• Raw data:
—————
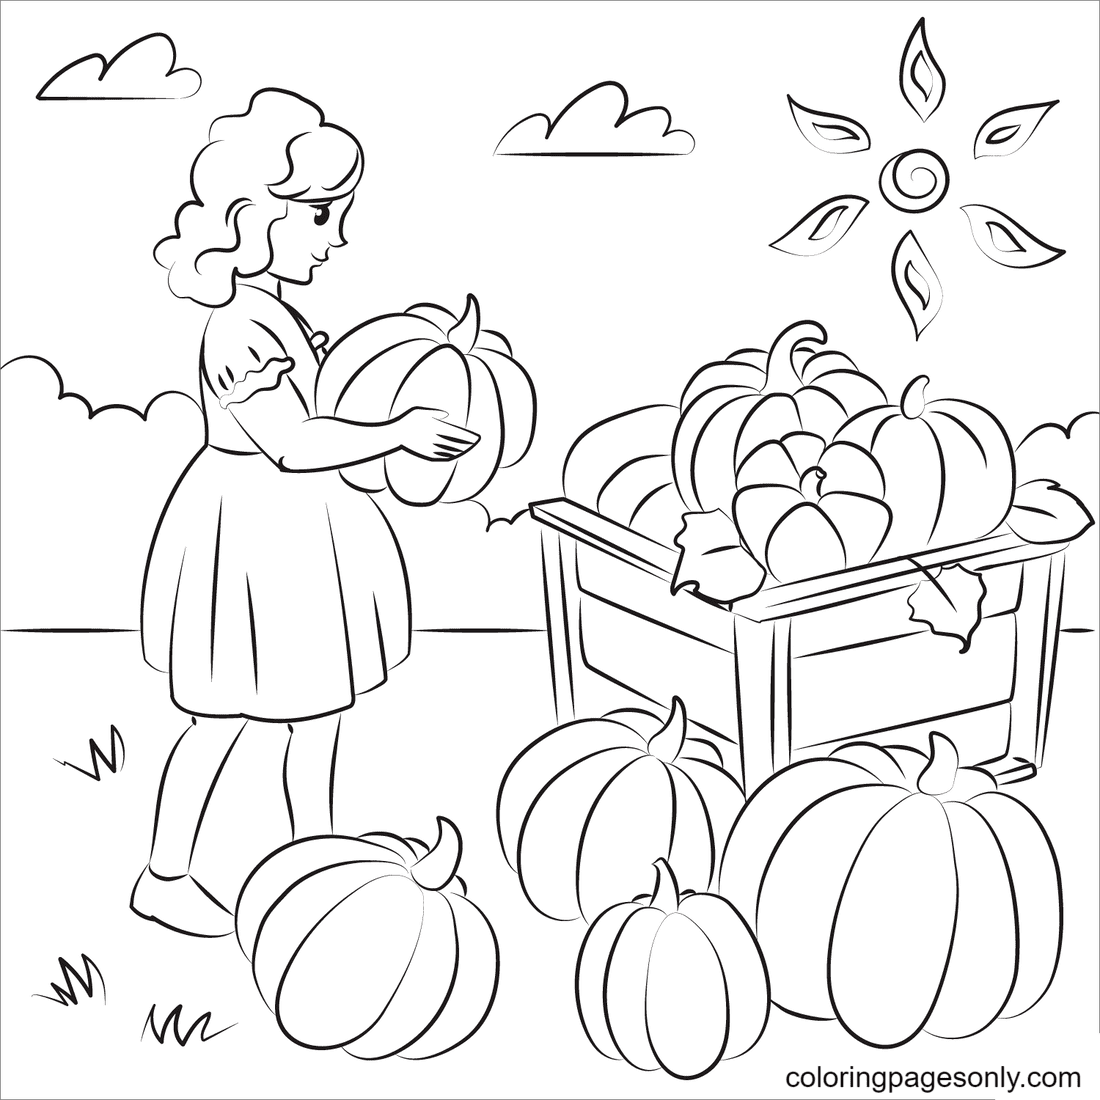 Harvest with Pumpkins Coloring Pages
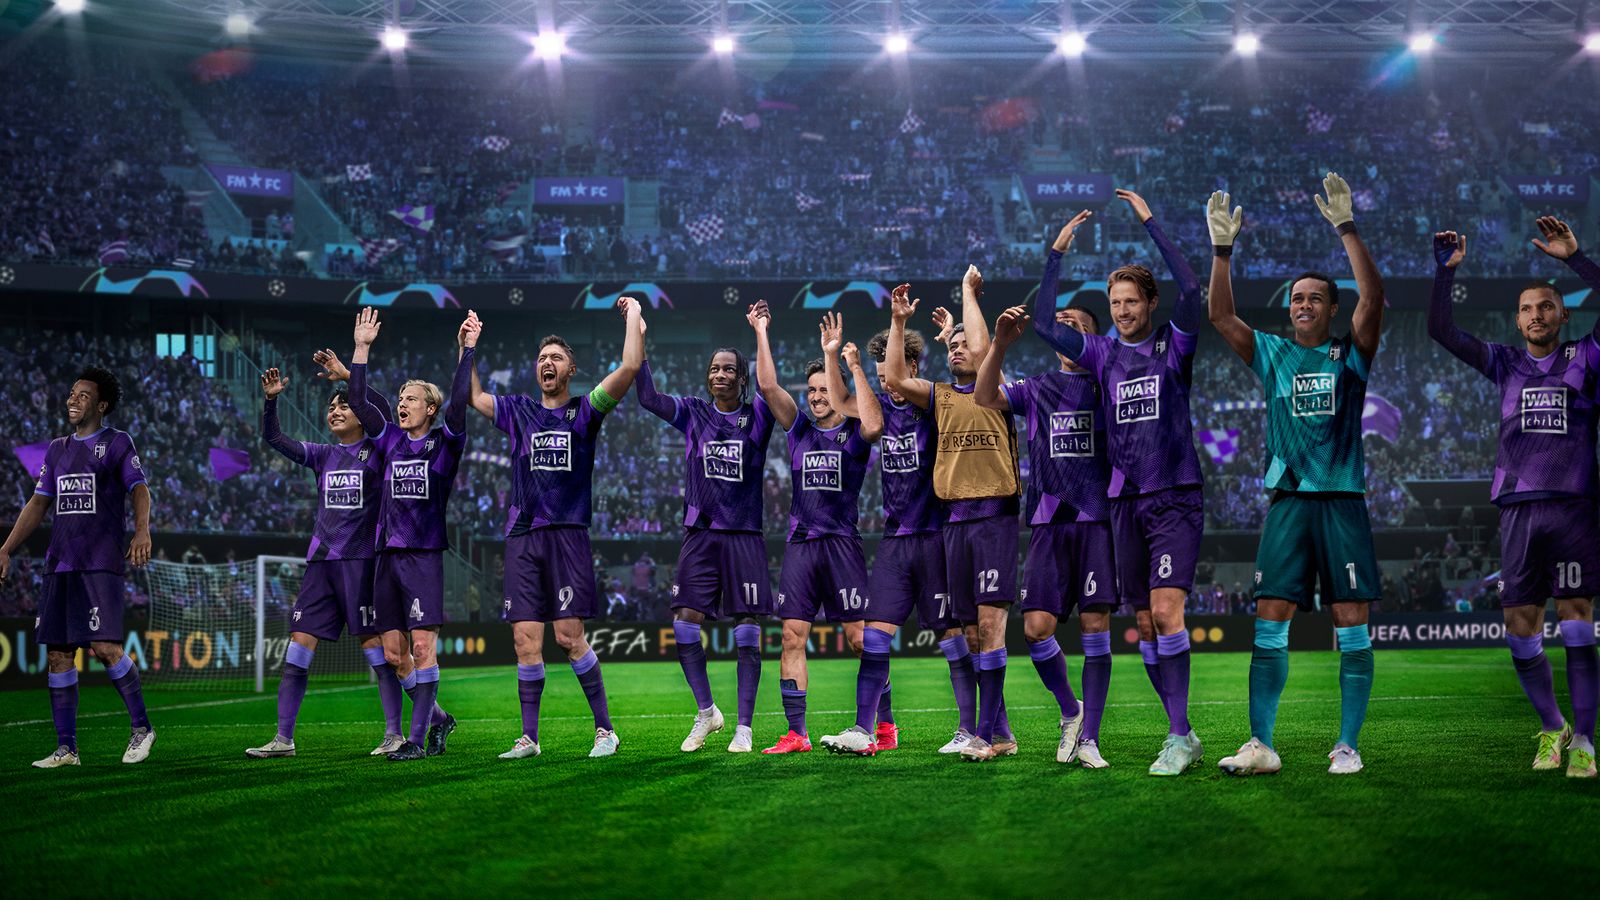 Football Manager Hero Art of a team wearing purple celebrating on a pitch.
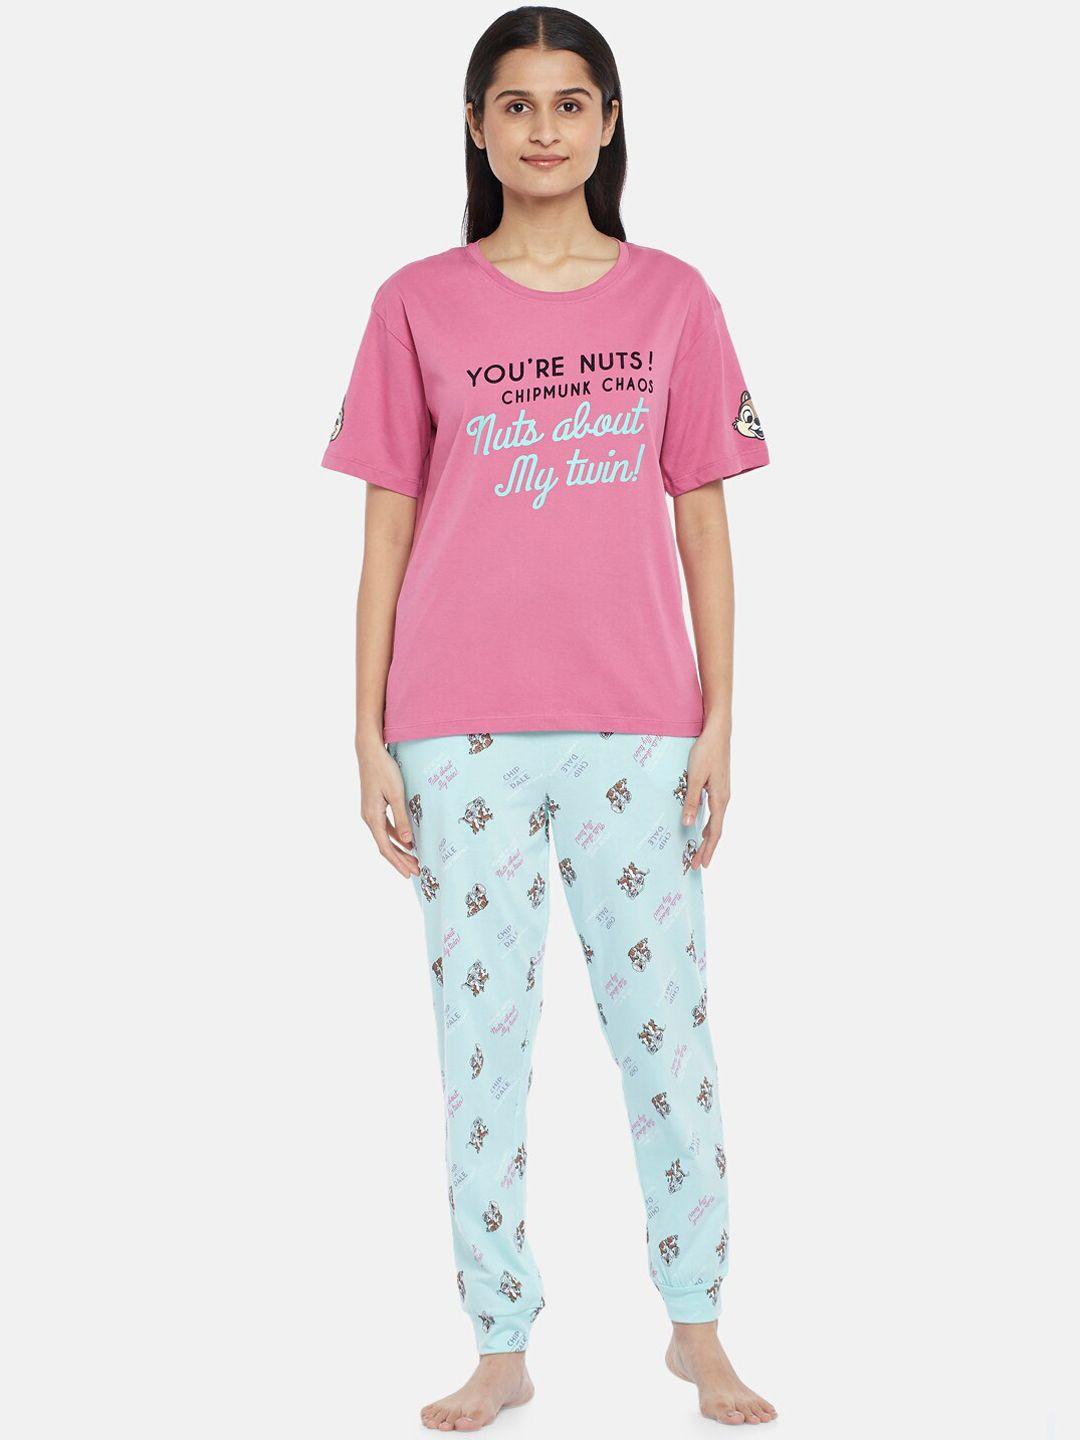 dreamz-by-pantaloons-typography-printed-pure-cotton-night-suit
—————
• Work to be completed:
The pictures are not wanted, but every line of the listing should be duplicated exactly.

• Answer:
 Harvest with Pumpkins Coloring Pages
 Football Manager Hero Art of a team wearing purple celebrating on a pitch.
 dreamz-by-pantaloons-typography-printed-pure-cotton-night-suit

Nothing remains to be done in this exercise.